▸ How to complete this task
Before you return the lines below, strip out any images and keep every word as written.

▸ Provided data
%%
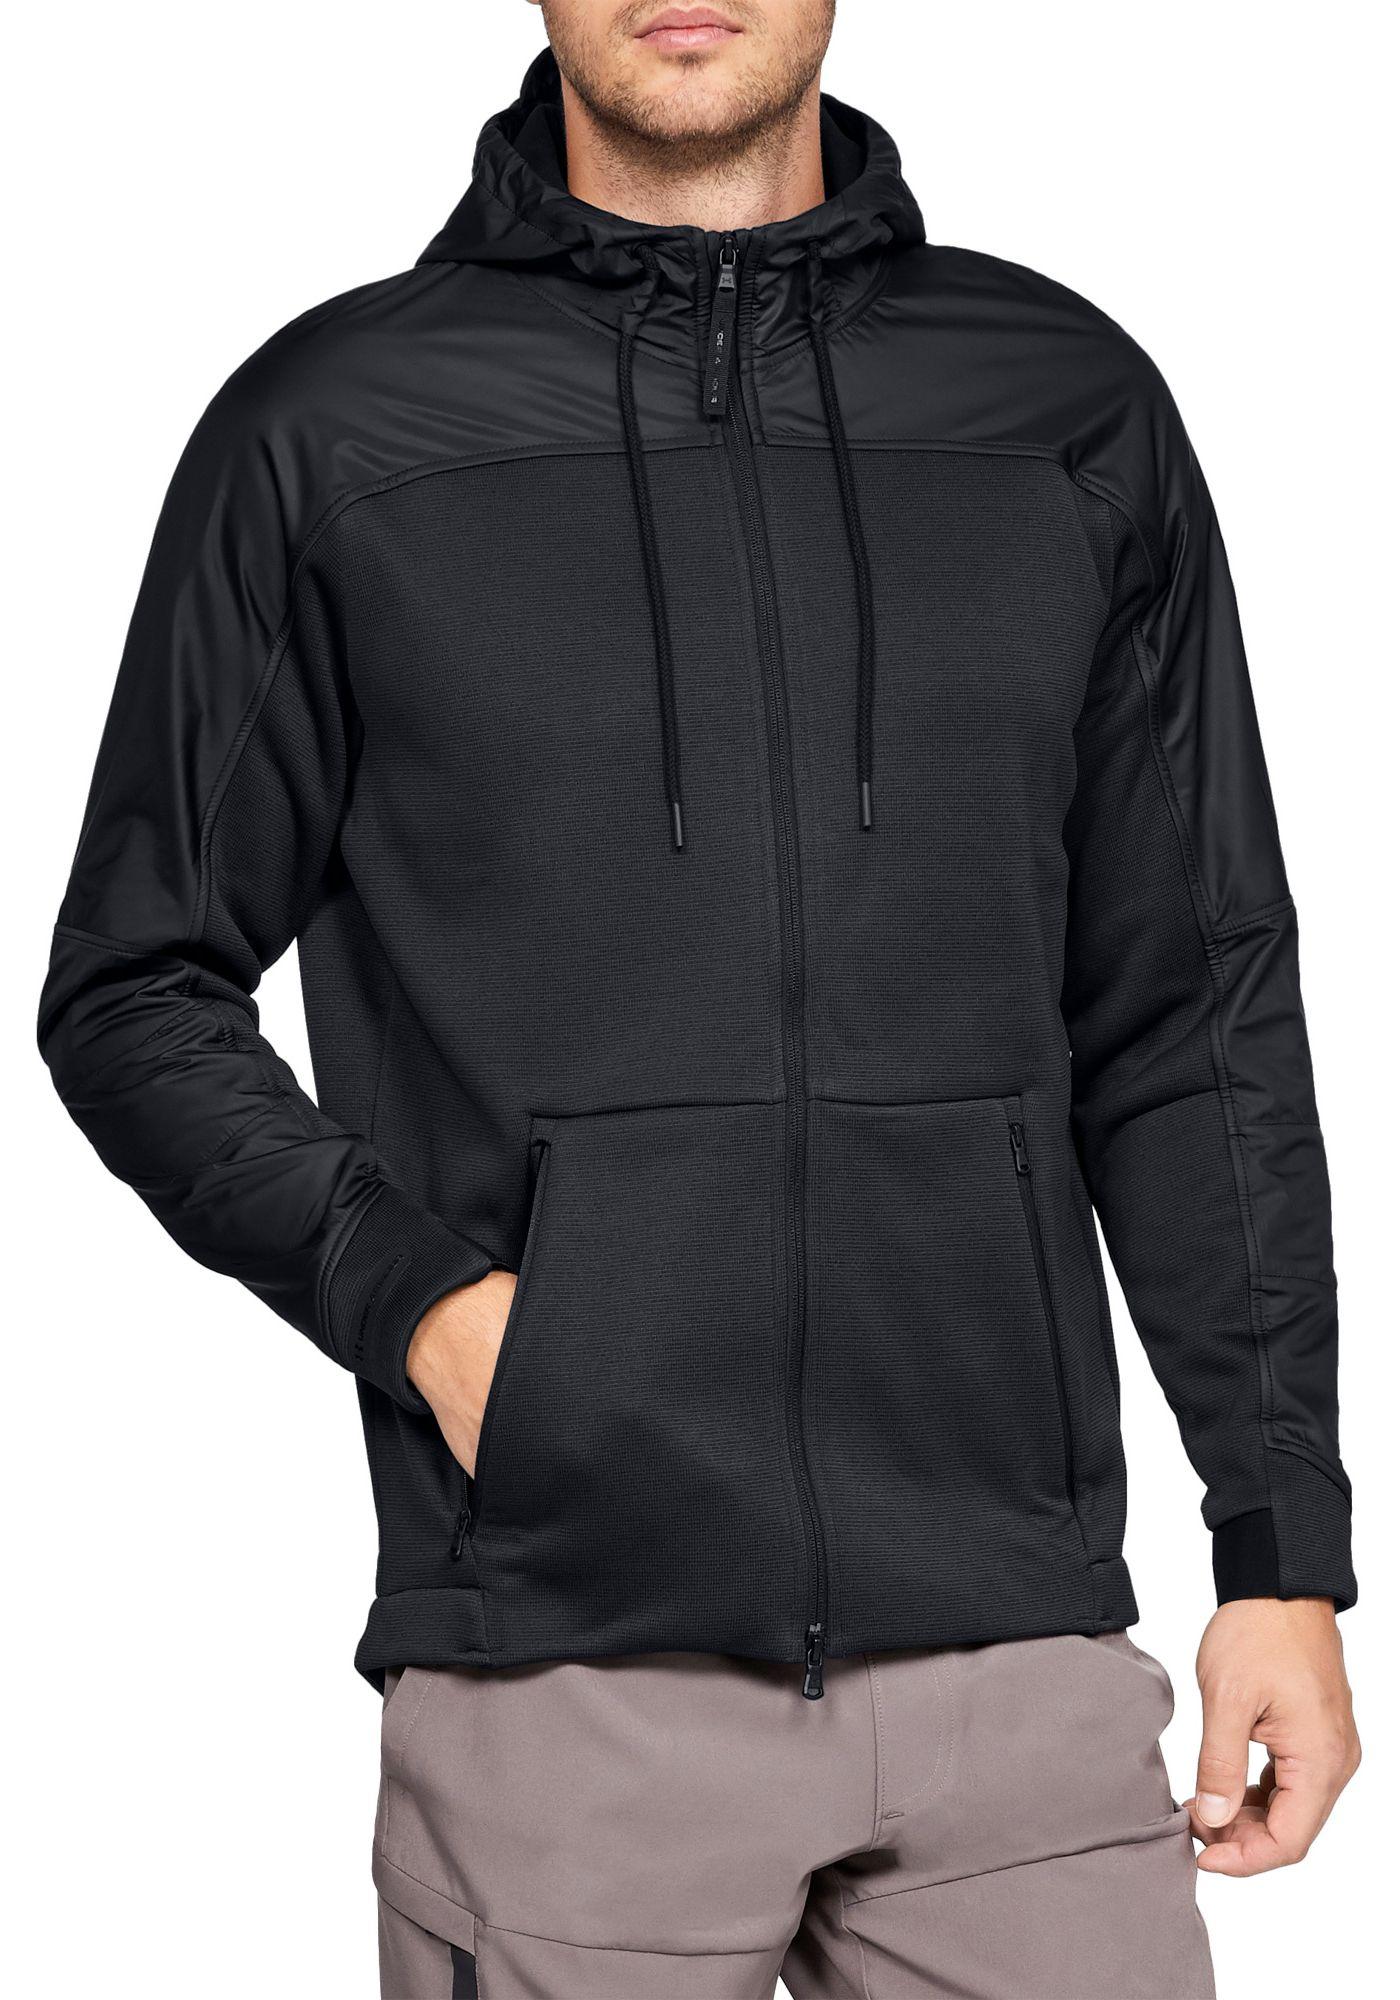 Under Armour Men's ColdGear Swacket Jacket (Regular and Big & Tall)
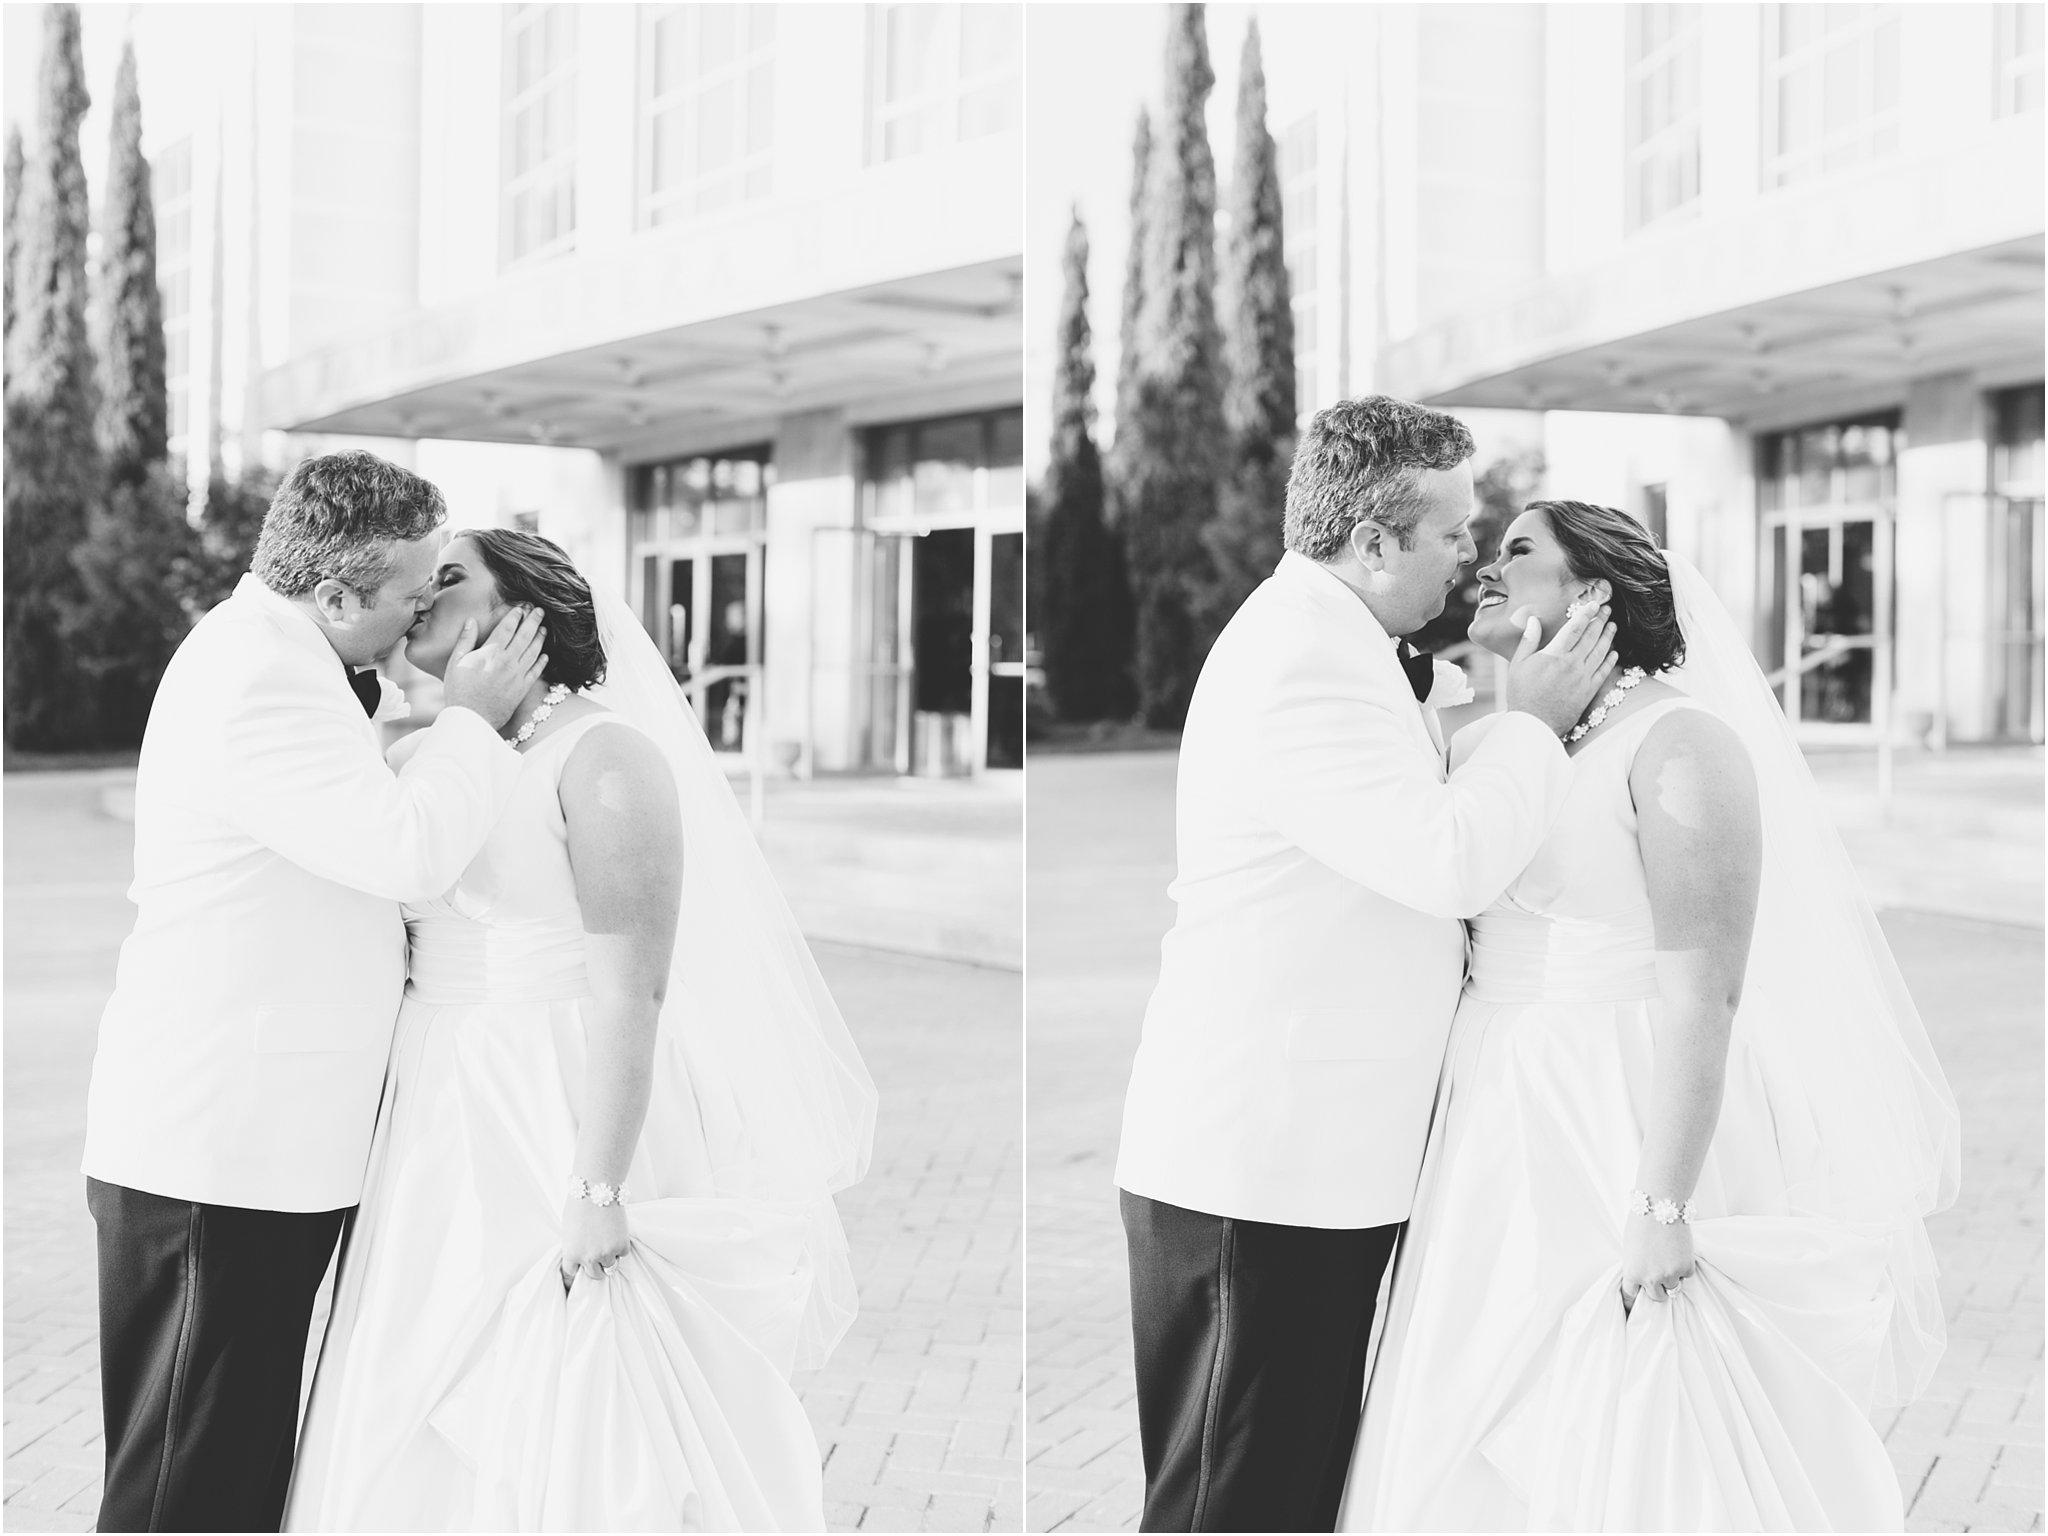 va_jessica_ryan_photography_virginia_wedding_norfolk_harrison_opera_house_norfolk_arts_district_portraits_3810
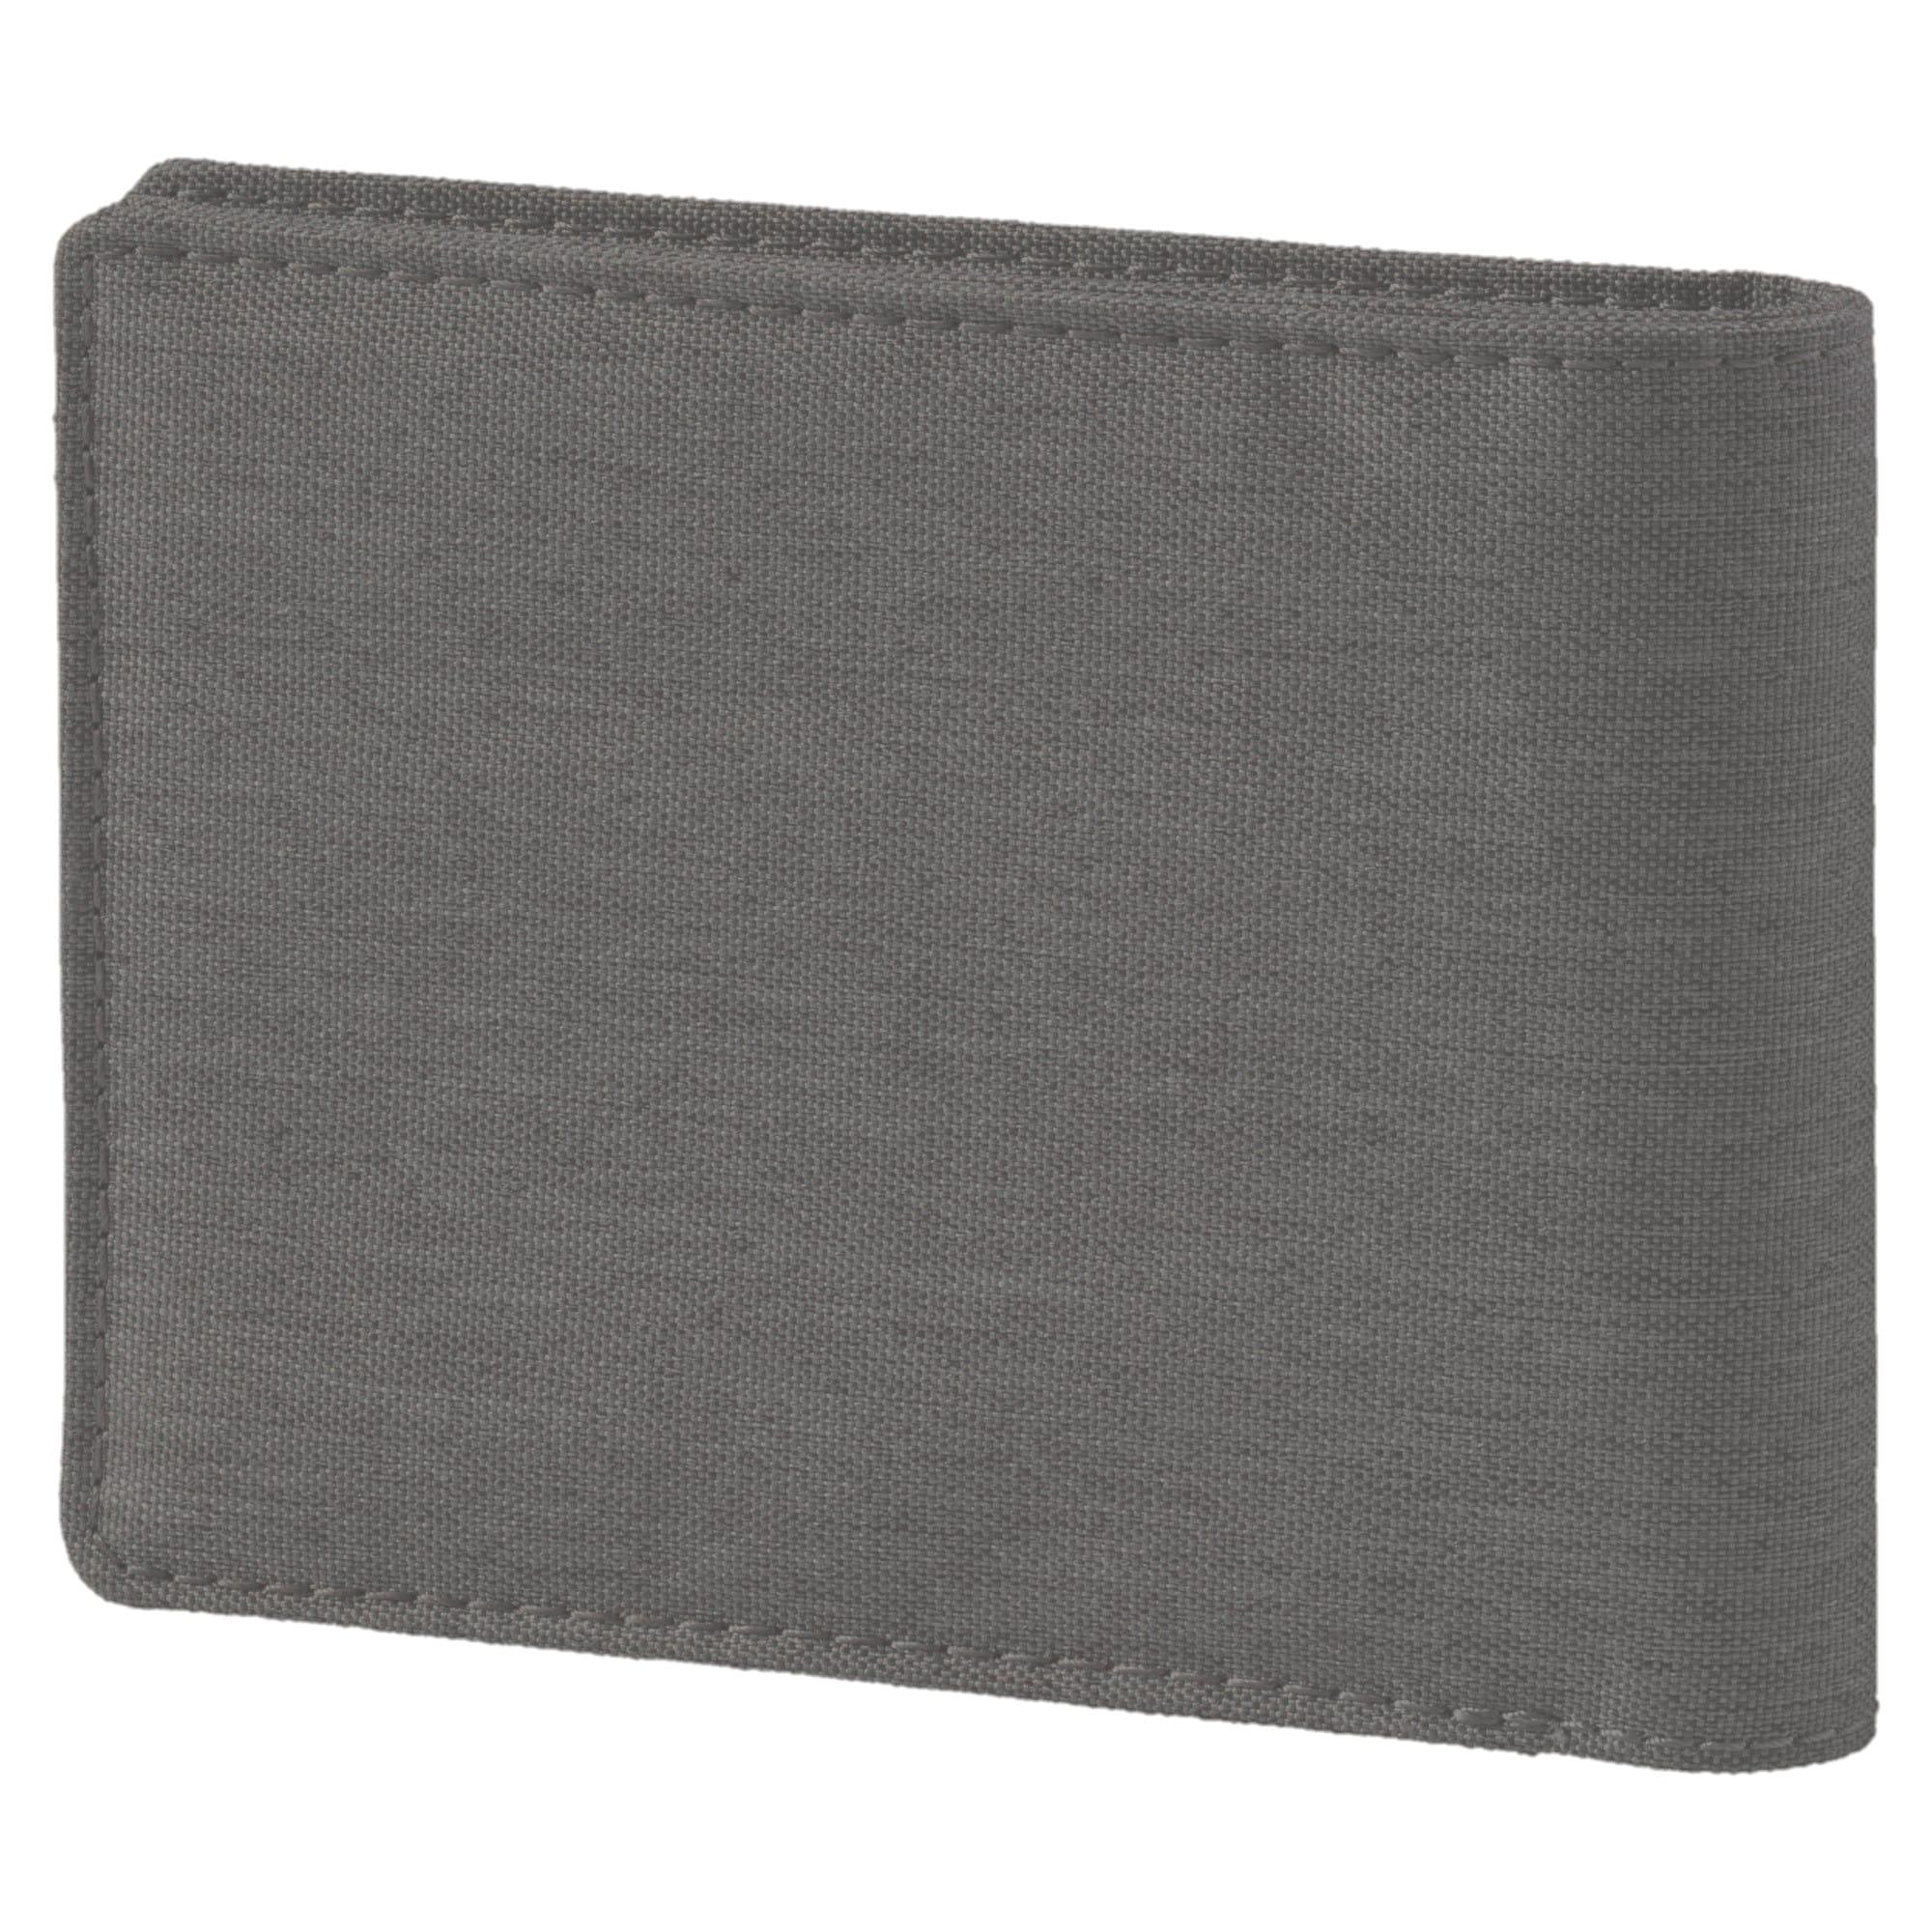 Thumbnail 2 of Scuderia Ferrari Lifestyle Wallet, Charcoal Gray, medium
%%
▸ Answer area
 Under Armour Men's ColdGear Swacket Jacket (Regular and Big & Tall)
 va_jessica_ryan_photography_virginia_wedding_norfolk_harrison_opera_house_norfolk_arts_district_portraits_3810
 Thumbnail 2 of Scuderia Ferrari Lifestyle Wallet, Charcoal Gray, medium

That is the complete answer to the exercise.